The most common answer in these parts. “So-so” means things are not so good but not so bad, either. Around here, you never say you’re doing well, so as not to call down some huge calamity on yourself.
Still alive and kicking.
In other words, I’m not doing well at all, but I’m not going to sit down and bore you with complaints, ’cause complaining is for sissies. This is the manly answer.
Let this be as bad as it gets!
This is said around the table, when you’ve gathered the whole gang together and you’re drinking toasts, munching on your salad, and sipping your brandy. I’ve always wondered what “as good as it gets” would look like. I don’t mean to be harsh, but I would guess it hardly looks any different.

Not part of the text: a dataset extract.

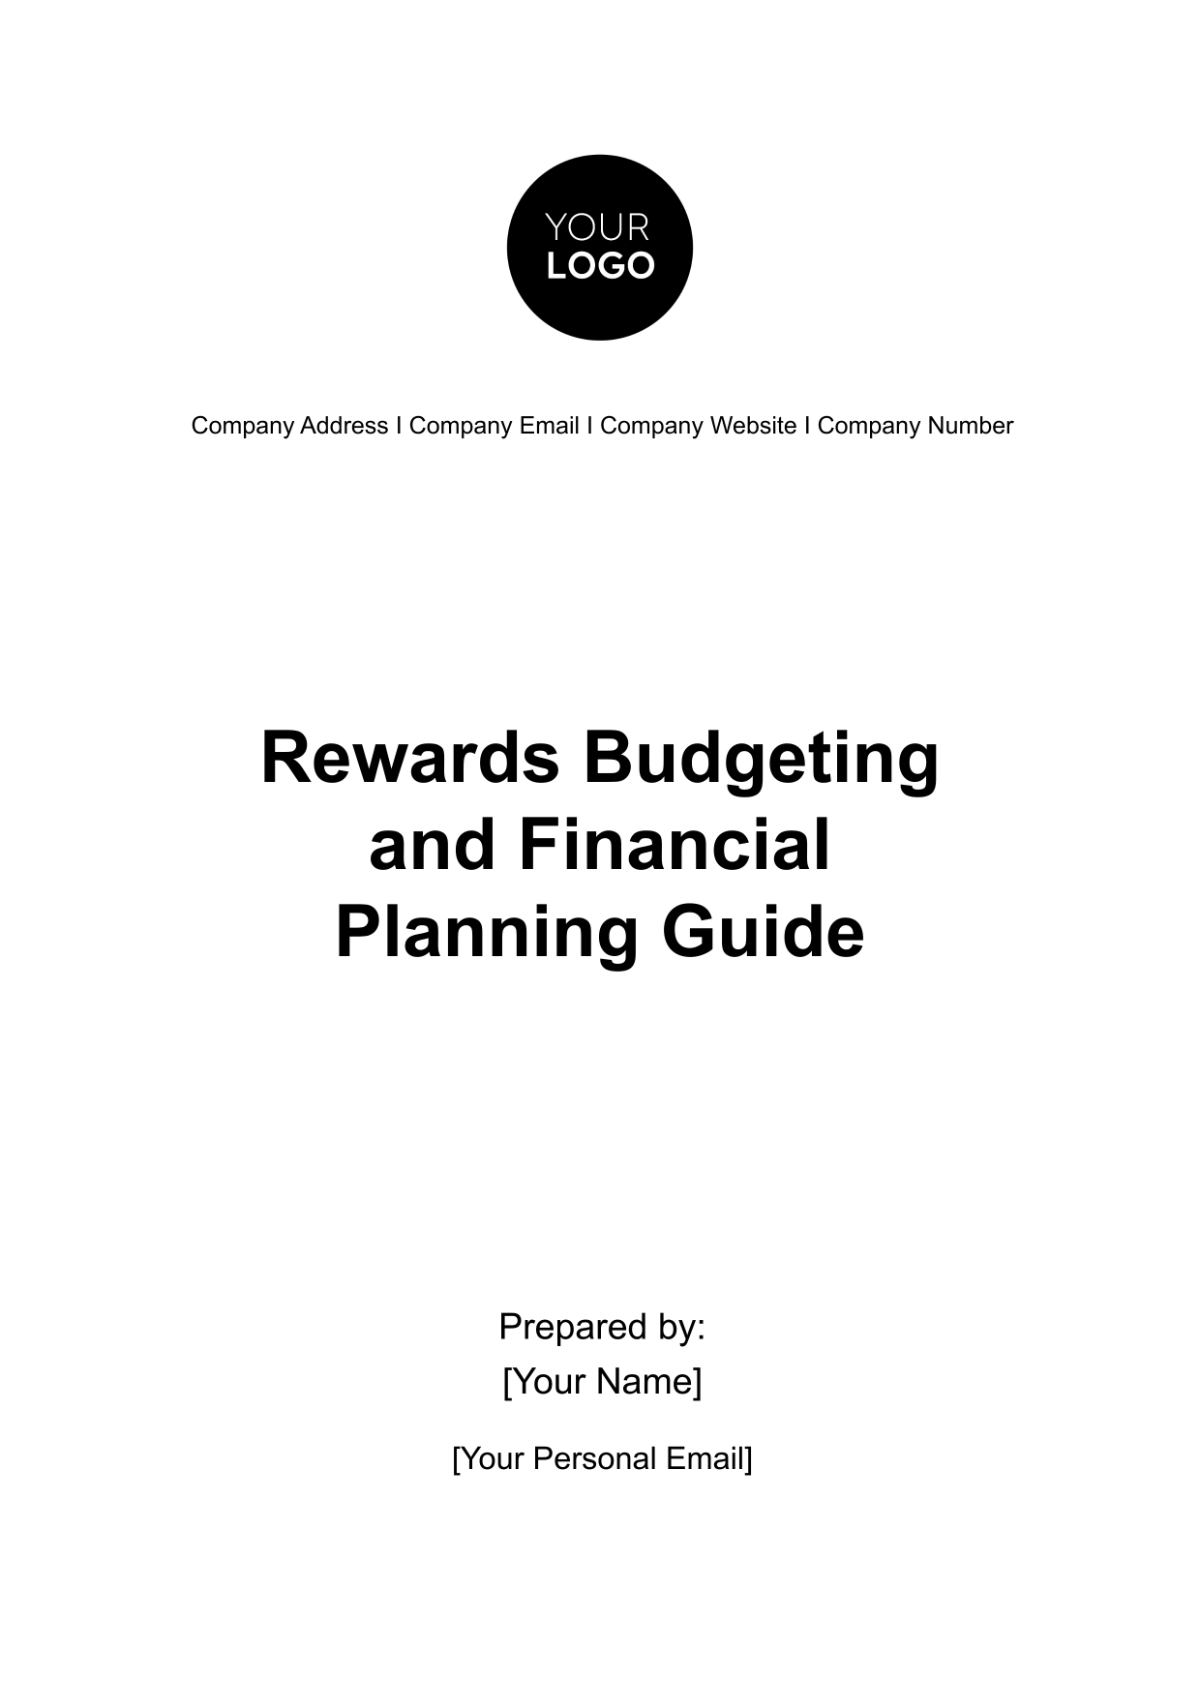 Free Rewards Budgeting and Financial Planning Guide HR Template

We’re fine, but it’ll pass.
A waggish answer from the socialist era, someone clearly got fed up with the absurdity of the question and the system, in which complaining openly would only bring you grief. Hence the popular joke from that time:
“How are you, how are you?” The general secretary of the Communist Party jokingly asked.
“We’re fine, we’re fine,” the workers jokingly replied.
A l’il sick t’day, dead as a doornail t’morrow.
The whole phony concern of the question “How are you?” collapses.
Any better would be criminal.
An answer again along the same lines, the brainchild of someone displeased with the essence of the question.
Not very how.
A classic, Eeyore from Winnie-the-Pooh . But it, too, is now threadbare from use.
Putting one foot in front of the other.
Nothing happens, I’m not looking forward to anything, I somehow get by, I keep pushing on through. Whom and what keeps getting pushed on through and gotten by isn’t quite clear, the day, or life, most likely. The day is hard to push on through, like a donkey that’s dug in its heels on a bridge and won’t move an inch, like a hefty buffalo that has settled down for his noontime nap and refuses to budge.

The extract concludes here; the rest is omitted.